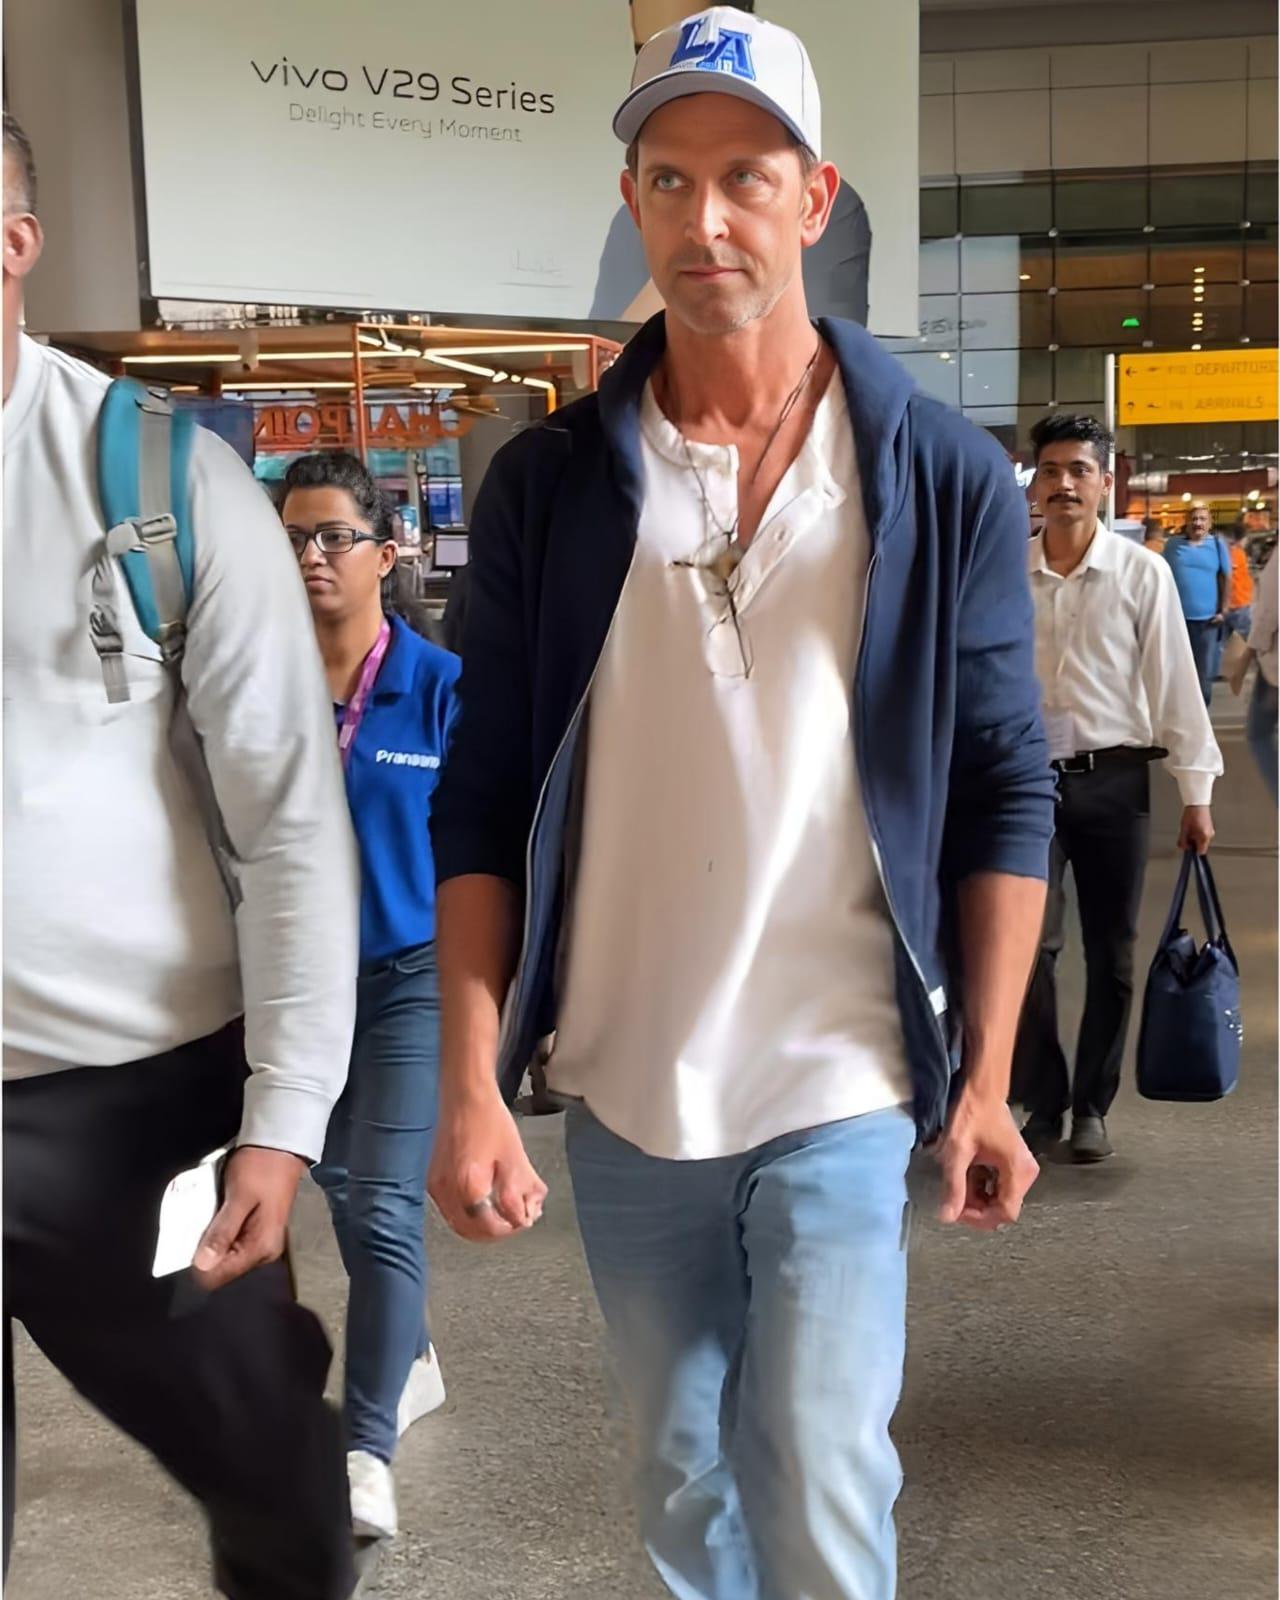 Hrithik Roshan was seen at the Mumbai airport post wrapping up some shoots related to his upcoming film 'Fighter'
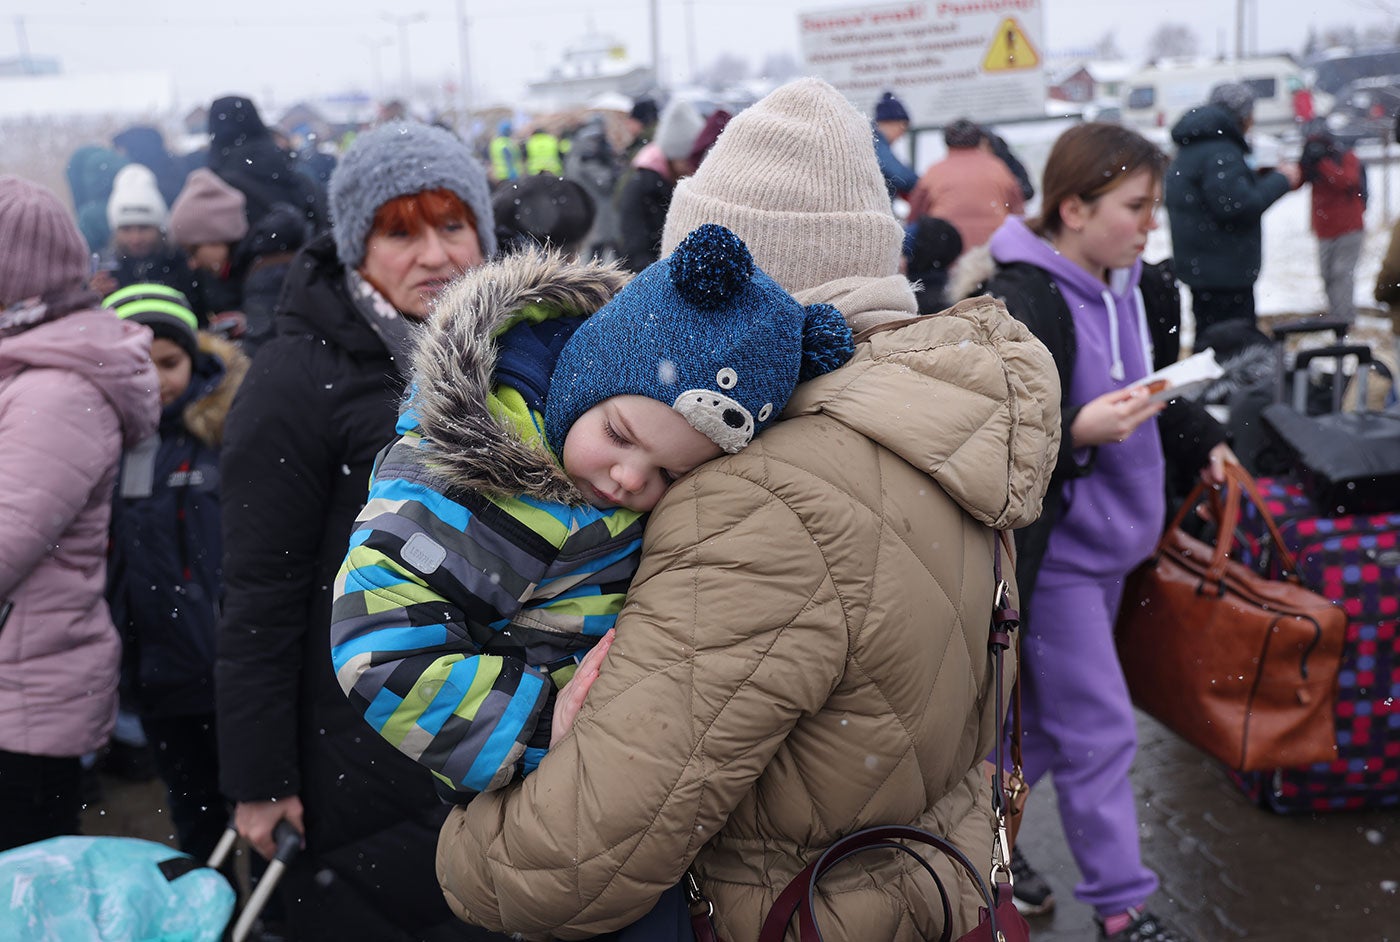 A large group of Ukrainians, many wearing winter clothing and carrying luggage, stand in a group. In the foreground, a parent holds a child.
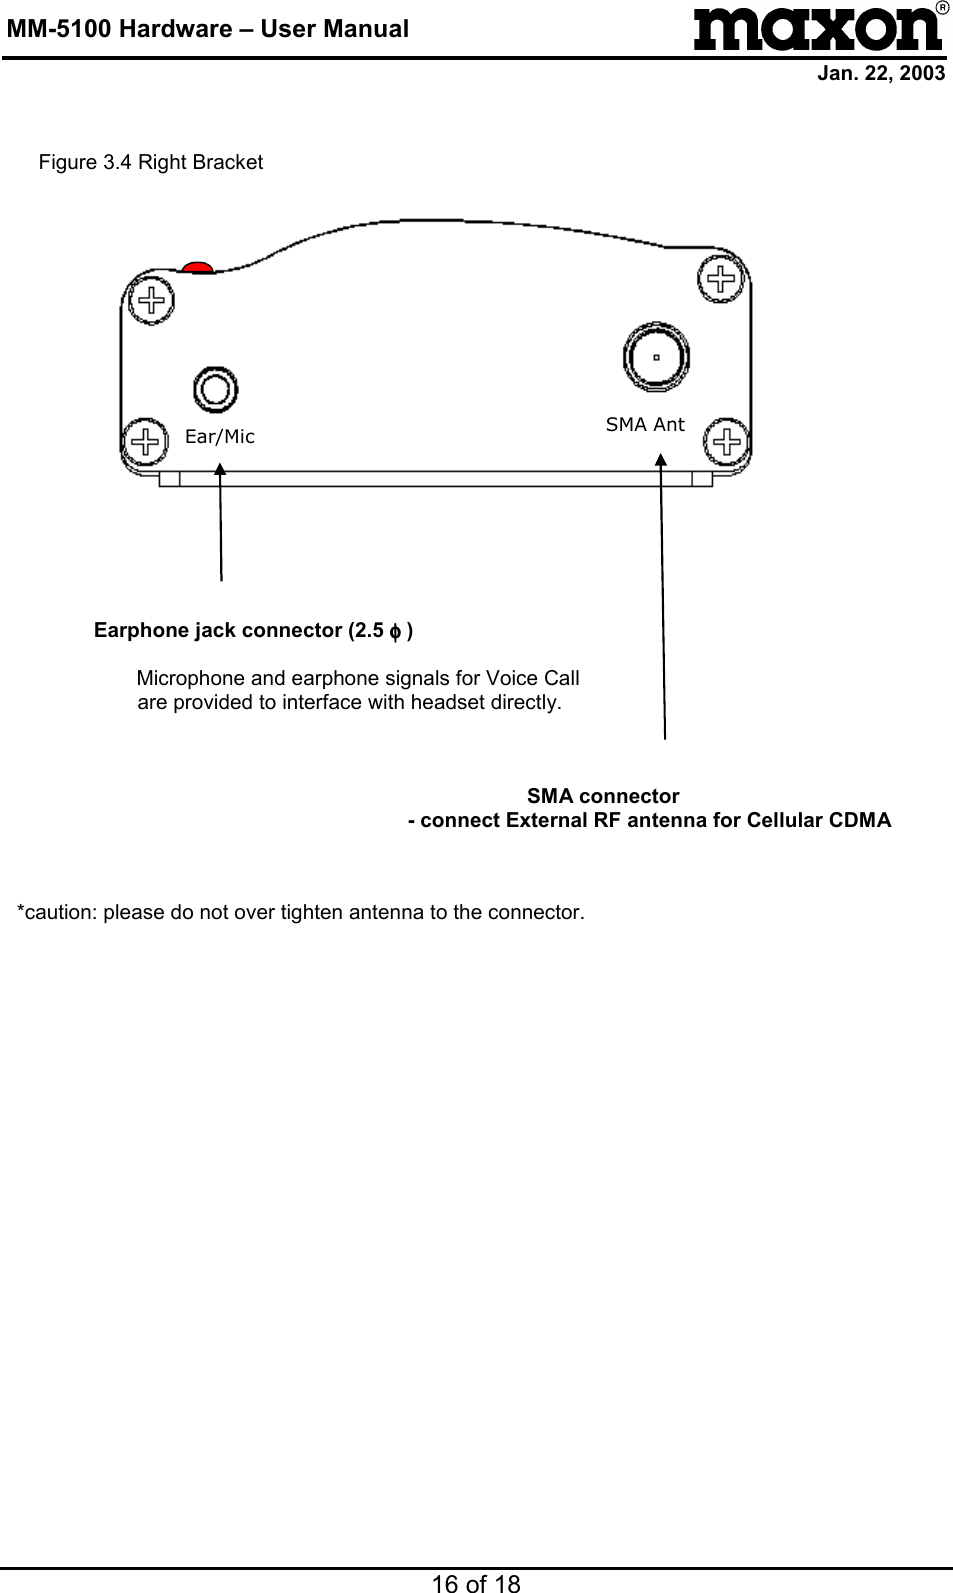 MM-5100 Hardware – User Manual Jan. 22, 2003 16 of 18                                  Ear/Mic SMA Ant      Earphone jack connector (2.5 φφφφ )    Microphone and earphone signals for Voice Call are provided to interface with headset directly.      SMA connector   - connect External RF antenna for Cellular CDMA      *caution: please do not over tighten antenna to the connector.   Figure 3.4 Right Bracket 
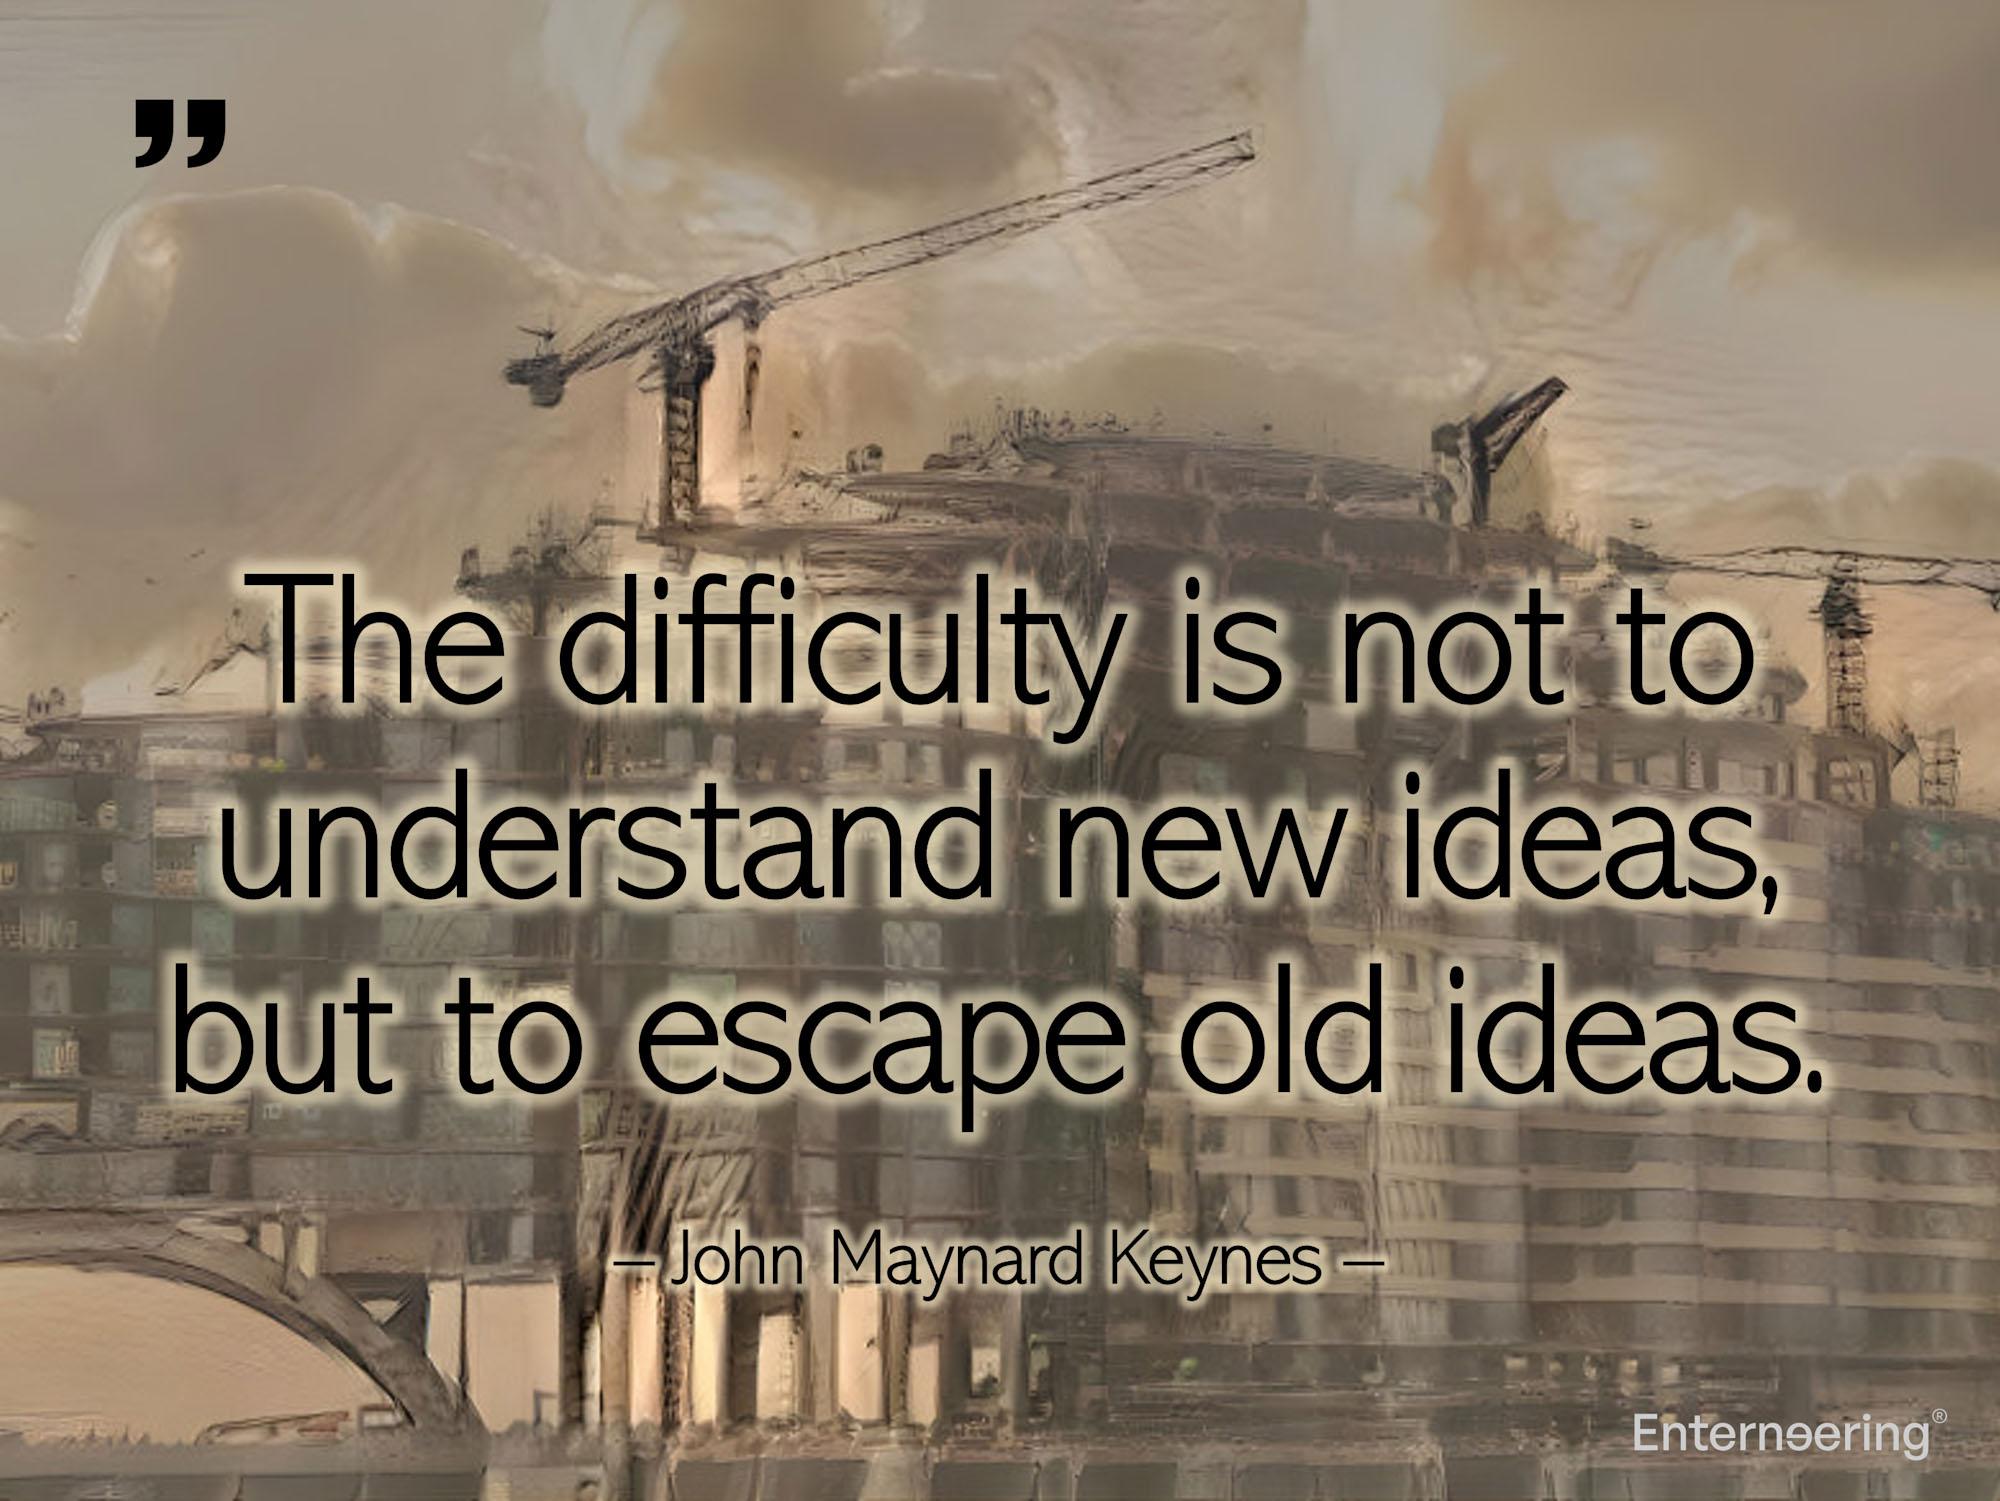 The difficulty to escape old ideas

* * *

● **TASK REQUIREMENTS**
The line containing "MM-5100 Hardware –" and every line after it, through the end of the data, are to be output exactly. Omit the pictures.

● **YOUR SOLUTION**
 MM-5100 Hardware – User Manual Jan. 22, 2003 16 of 18                                  Ear/Mic SMA Ant      Earphone jack connector (2.5 φφφφ )    Microphone and earphone signals for Voice Call are provided to interface with headset directly.      SMA connector   - connect External RF antenna for Cellular CDMA      *caution: please do not over tighten antenna to the connector.   Figure 3.4 Right Bracket 
 The difficulty to escape old ideas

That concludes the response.